#### Required work:
From first line to last, transcribe the listing exactly and skip any image.

#### Data provided:
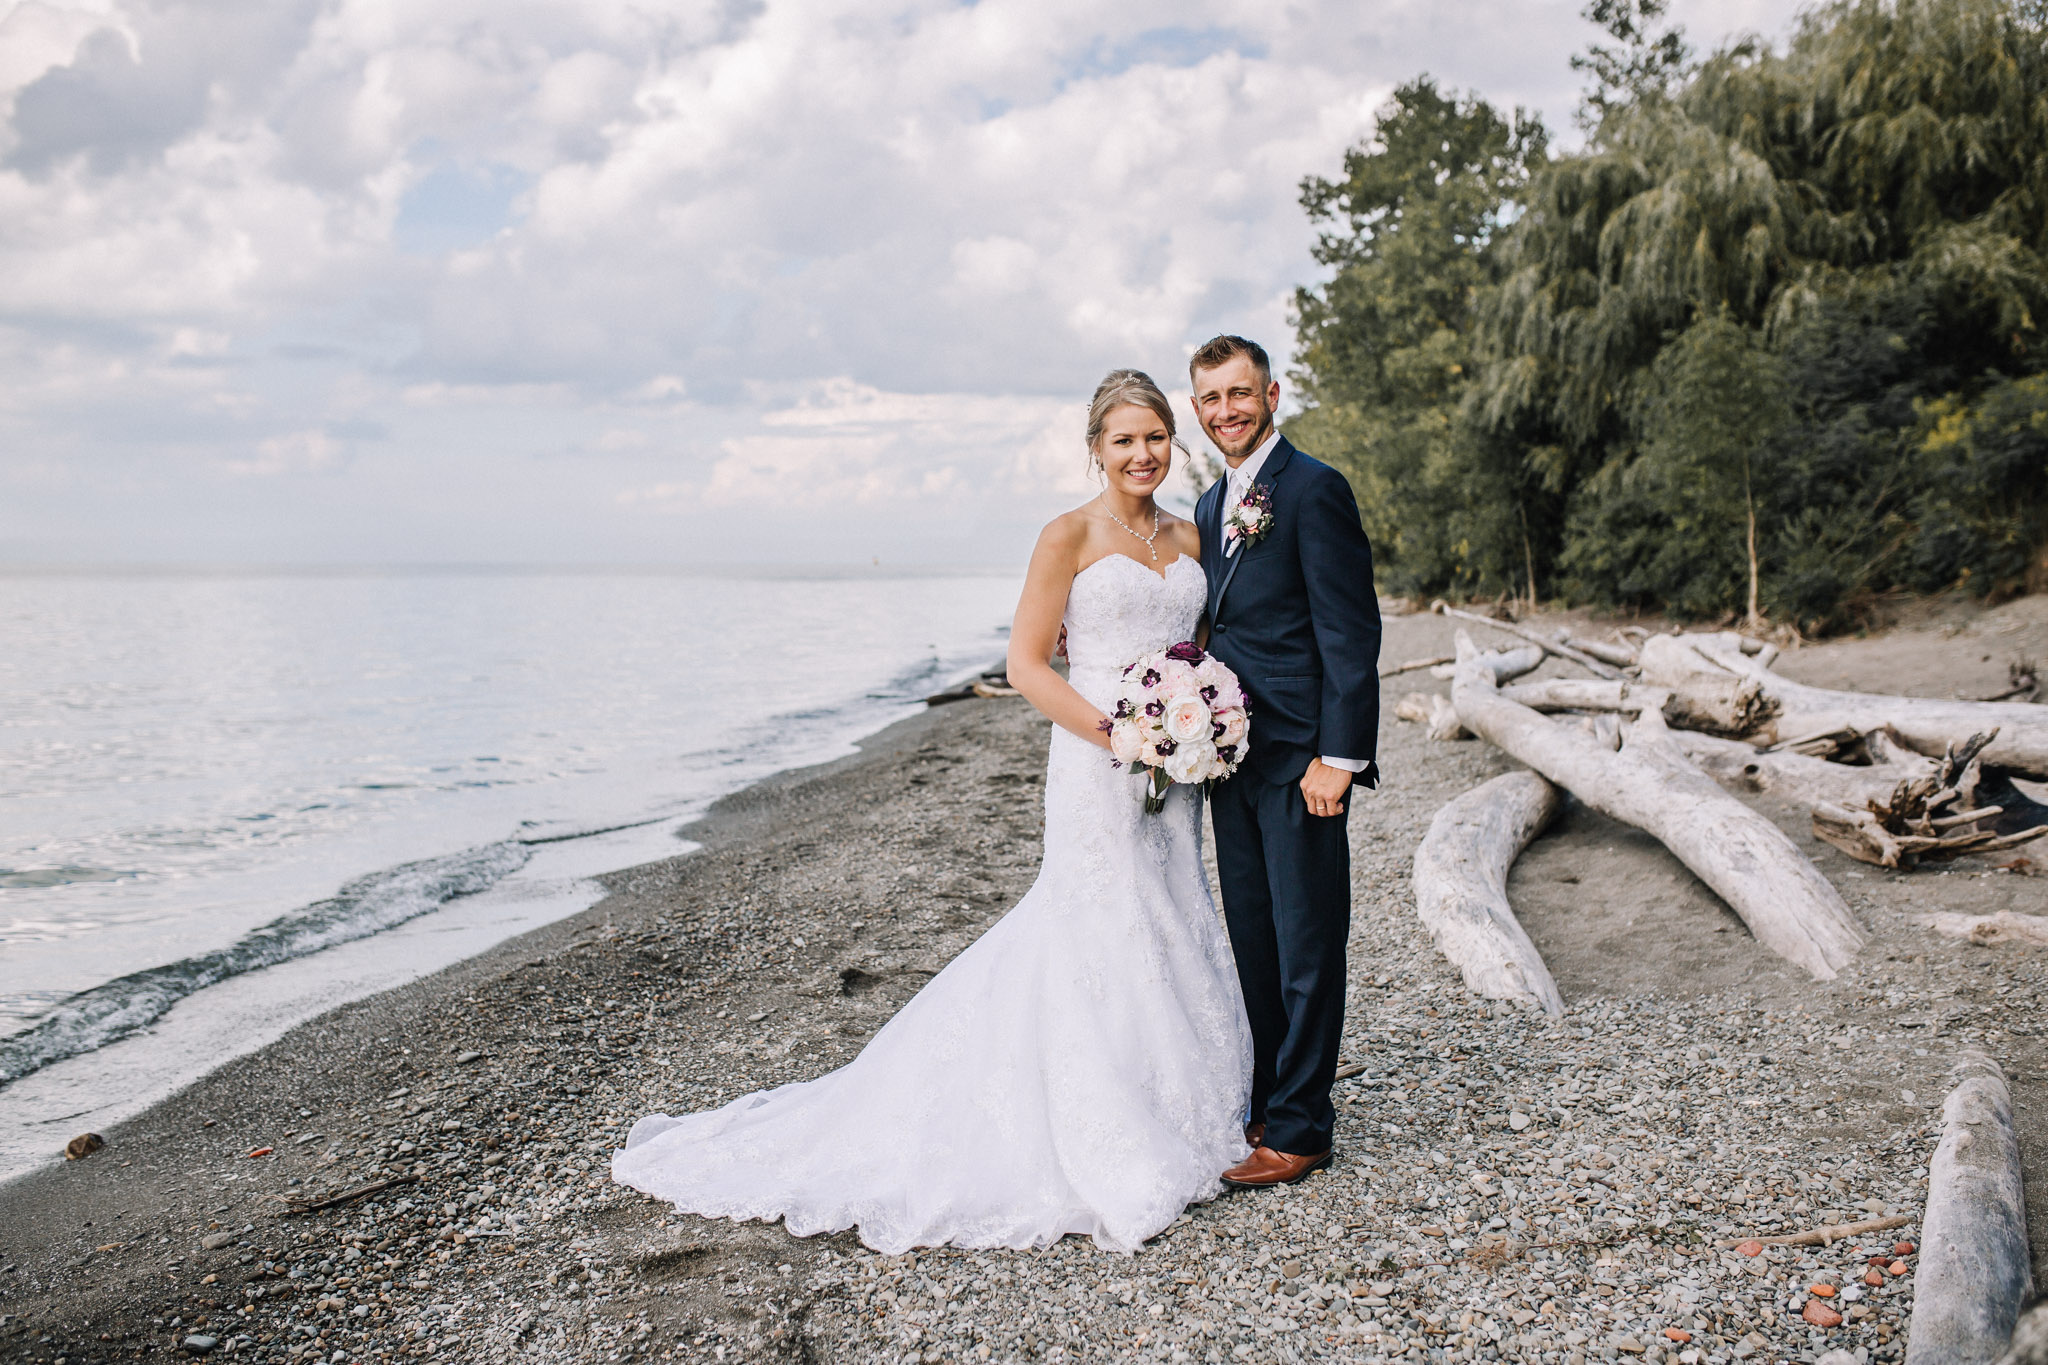 Mr. & Mrs. Kempinski - Lake Erie Bluffs - Northeast Ohio Wedding Photographer
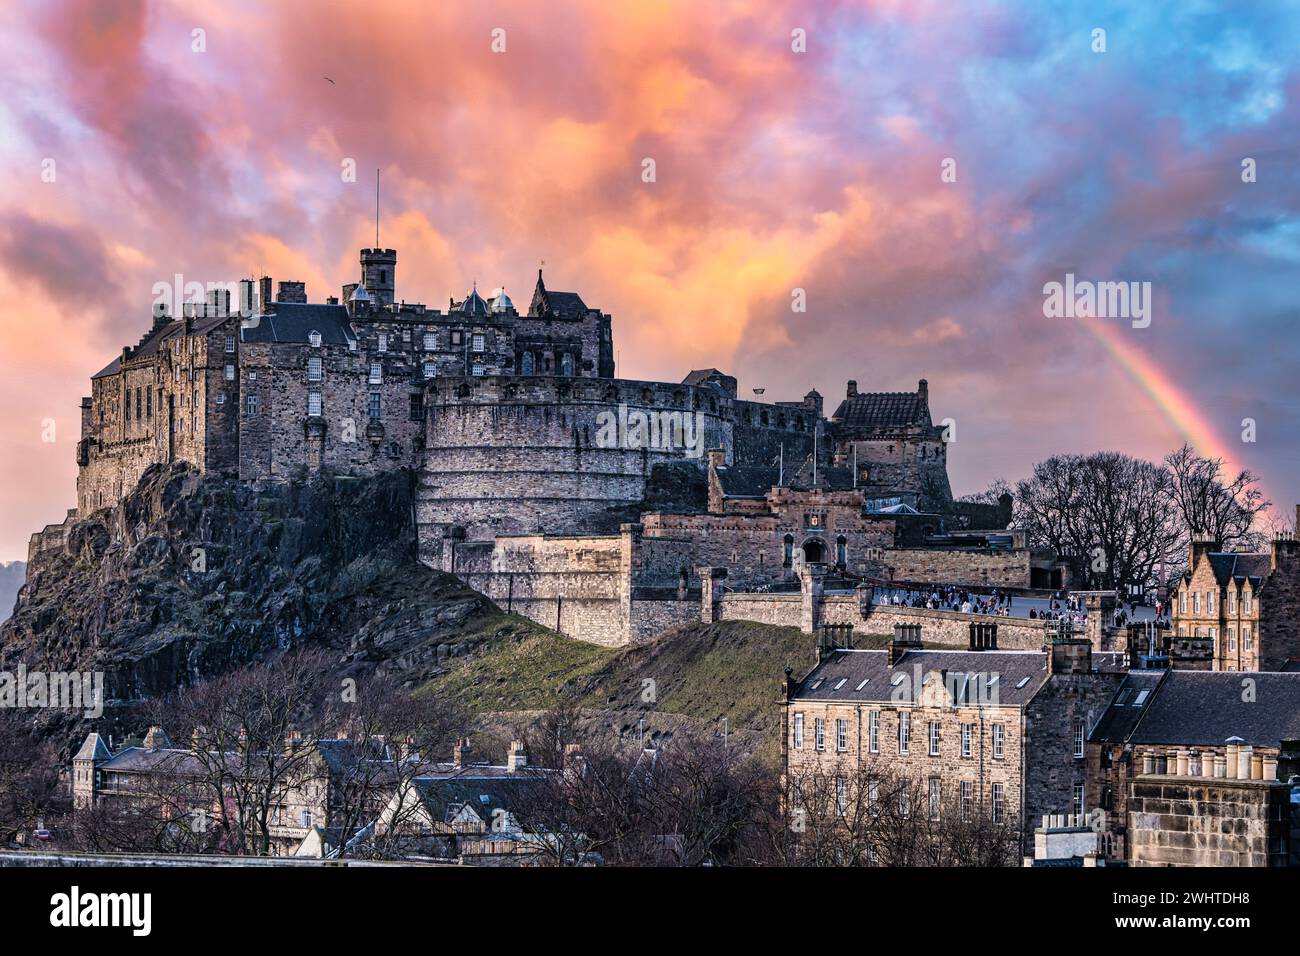 View of Edinburgh Castle and city skyline at sunset with rainbow, Scotland, UK Stock Photo
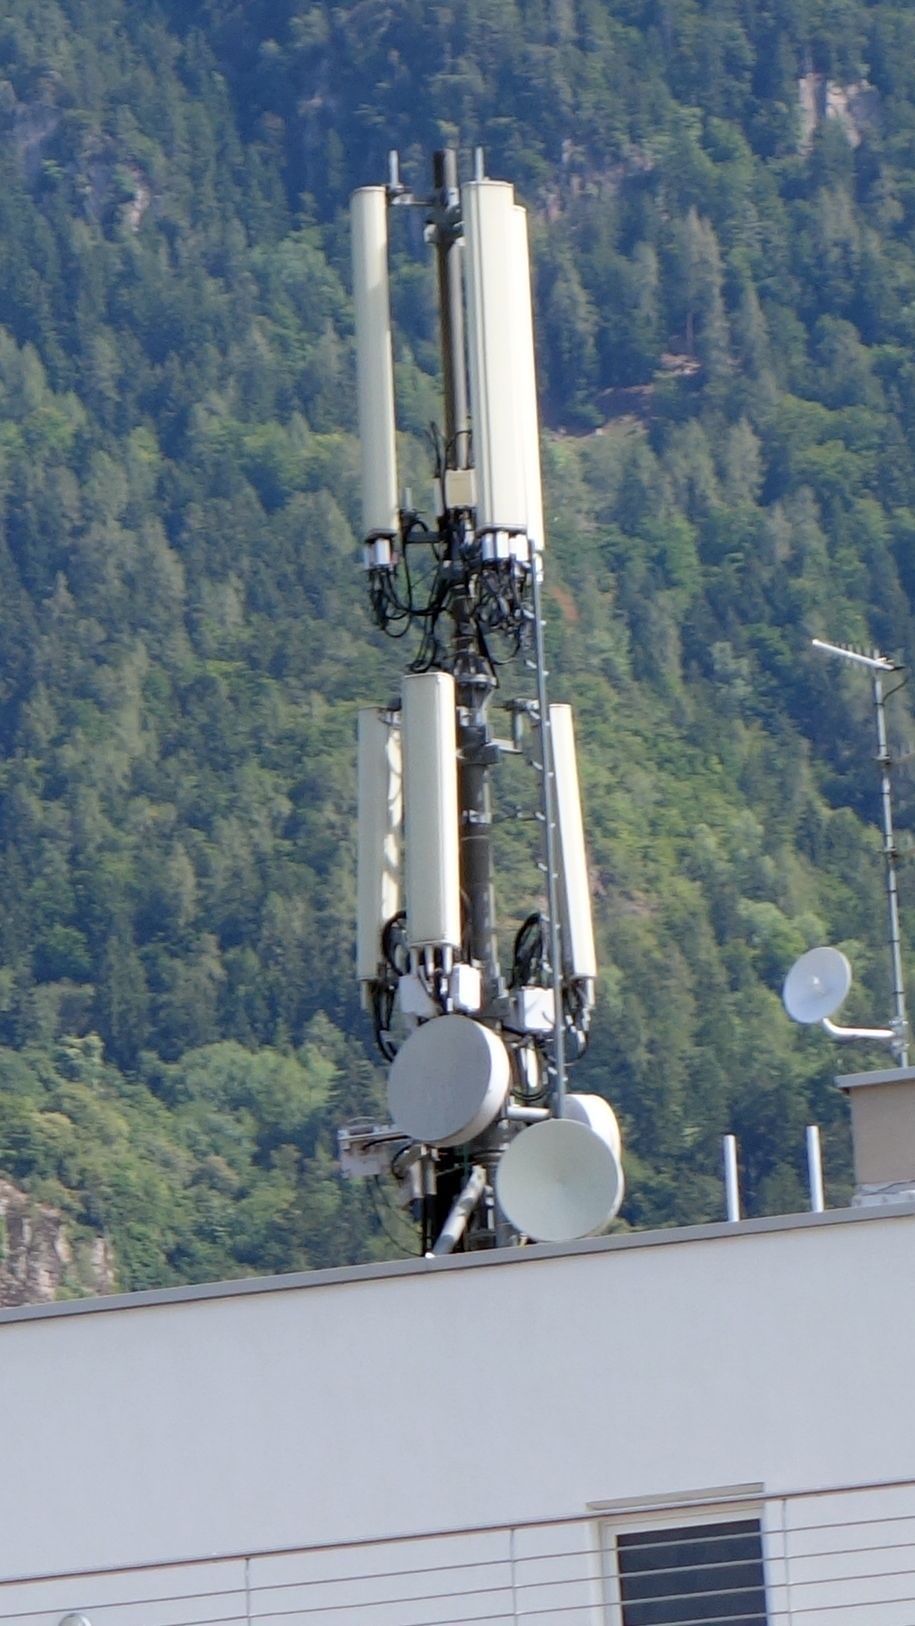 Die Antennen im September 2019
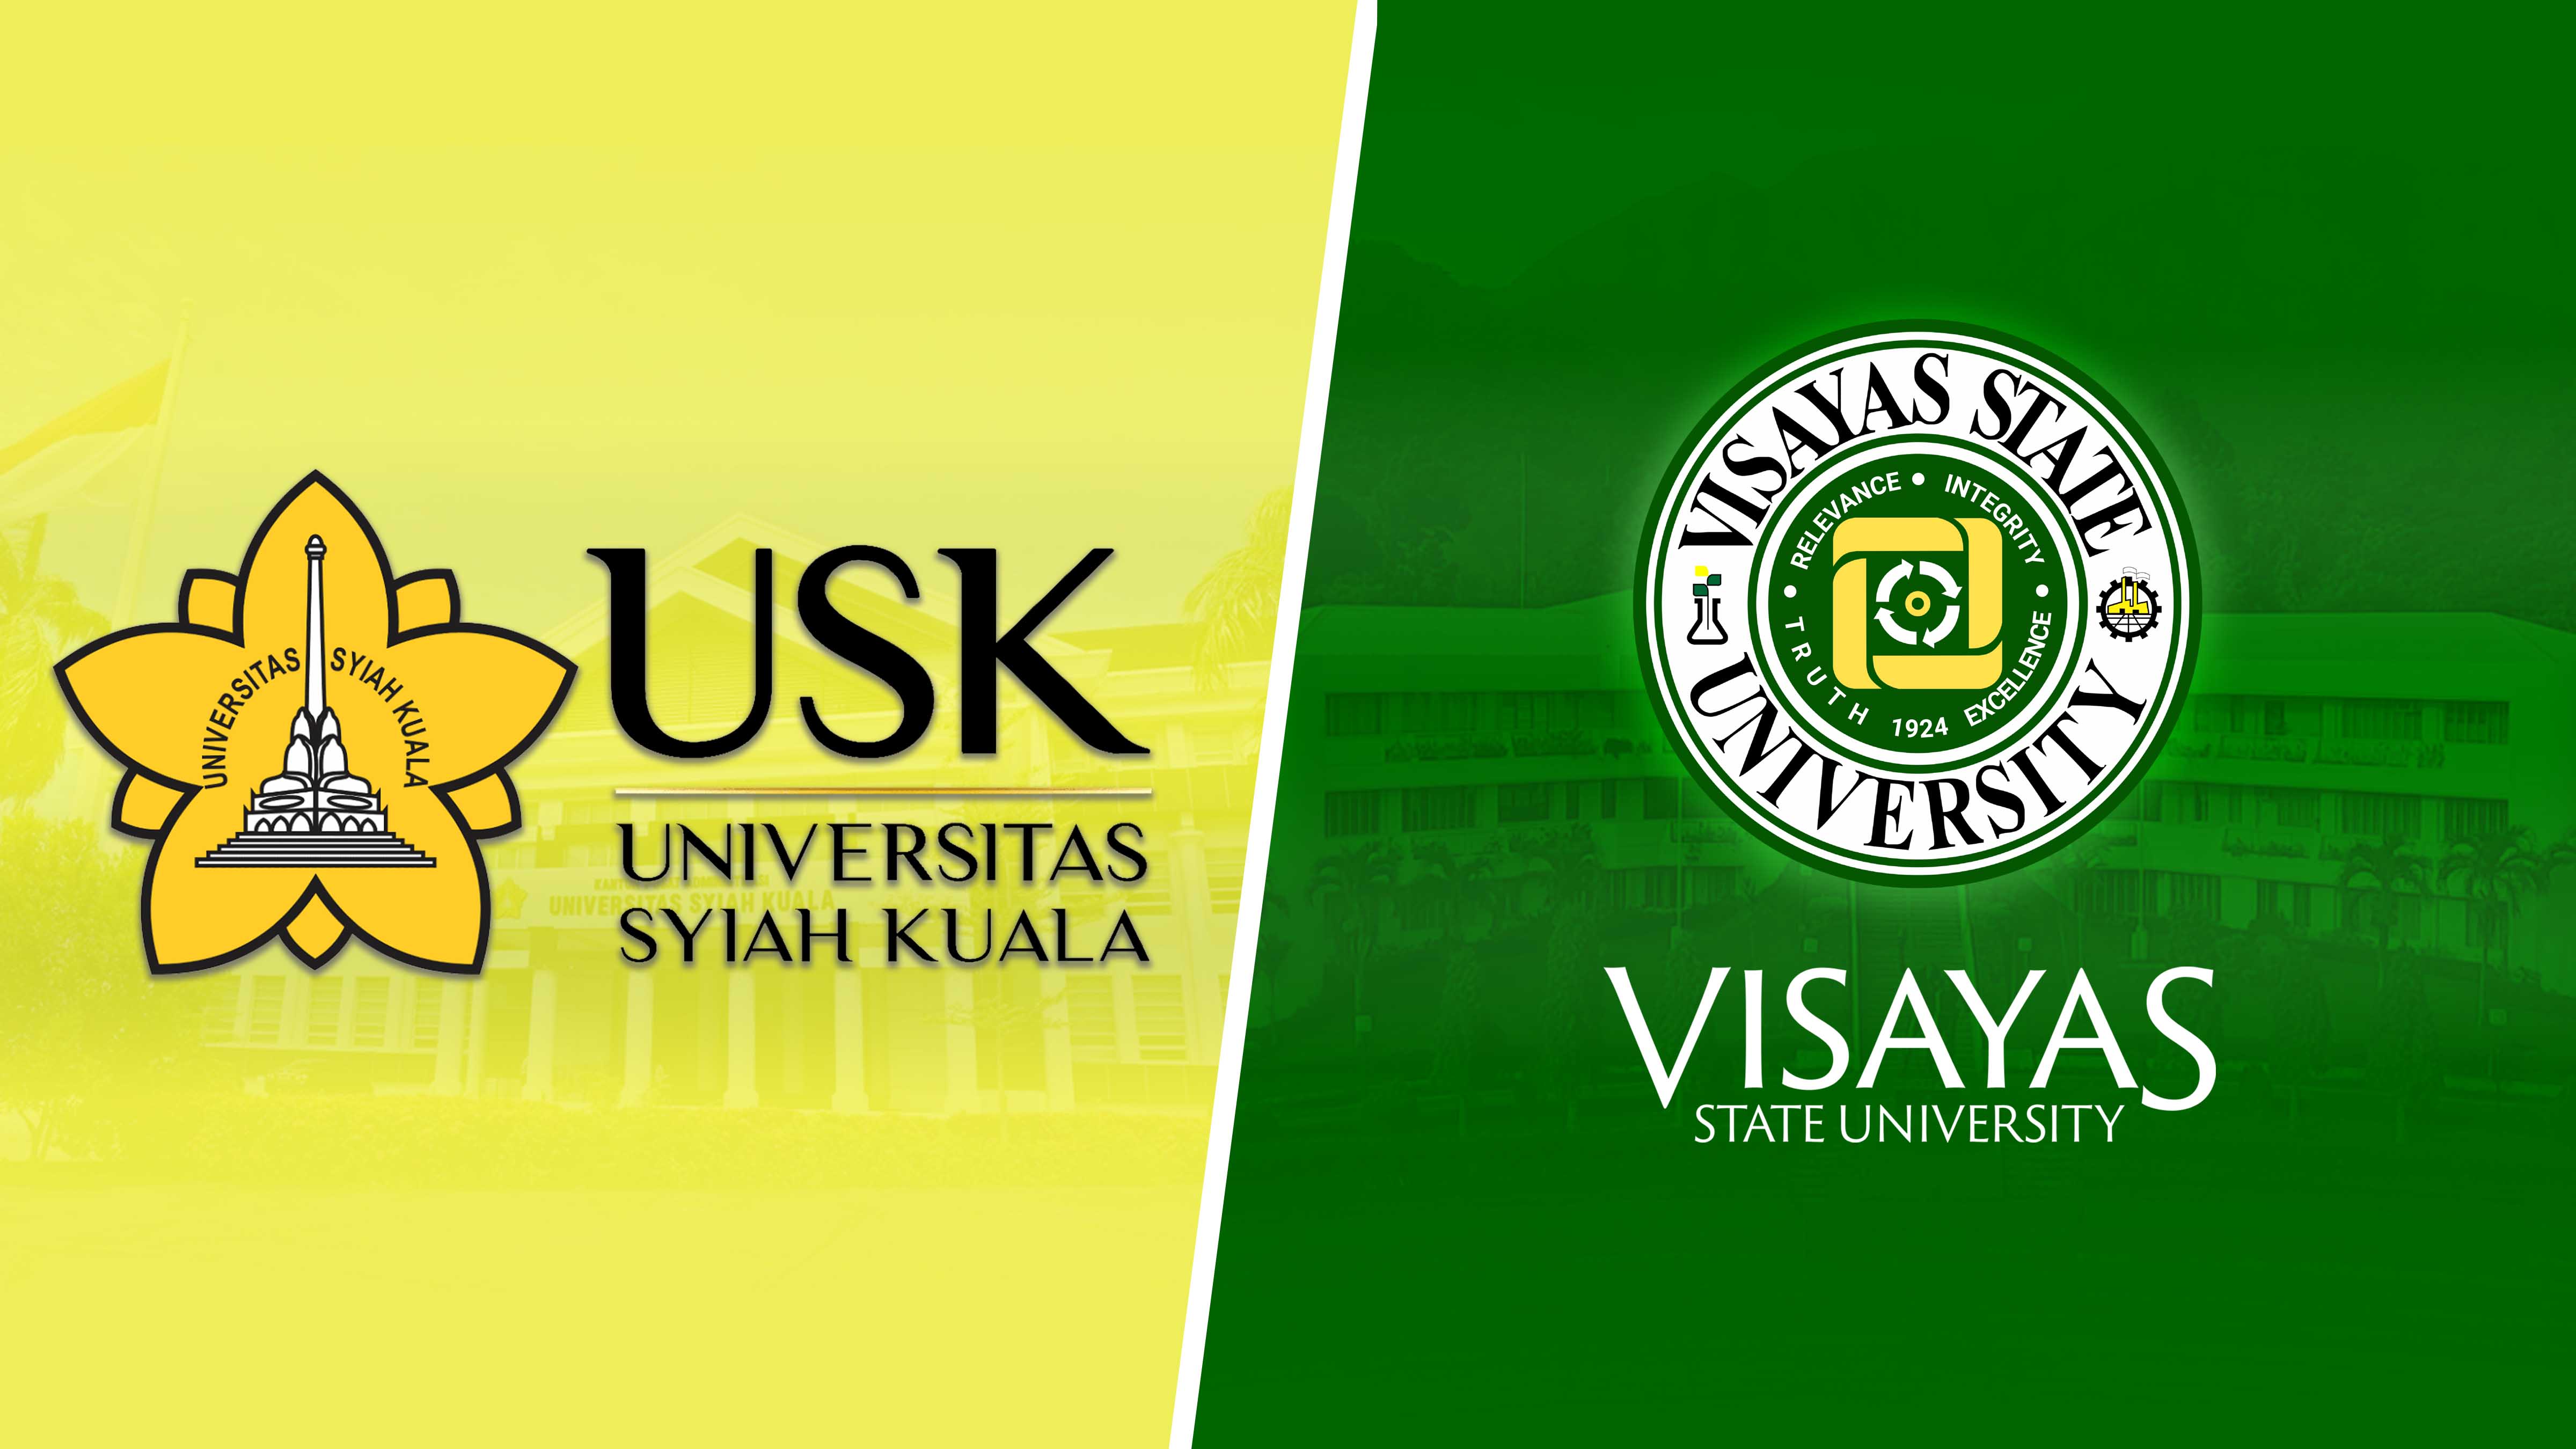 VSU-USK partnership

#### Completed exercise:
 Mr. & Mrs. Kempinski - Lake Erie Bluffs - Northeast Ohio Wedding Photographer
 View of Edinburgh Castle and city skyline at sunset with rainbow, Scotland, UK Stock Photo
 Die Antennen im September 2019
 VSU-USK partnership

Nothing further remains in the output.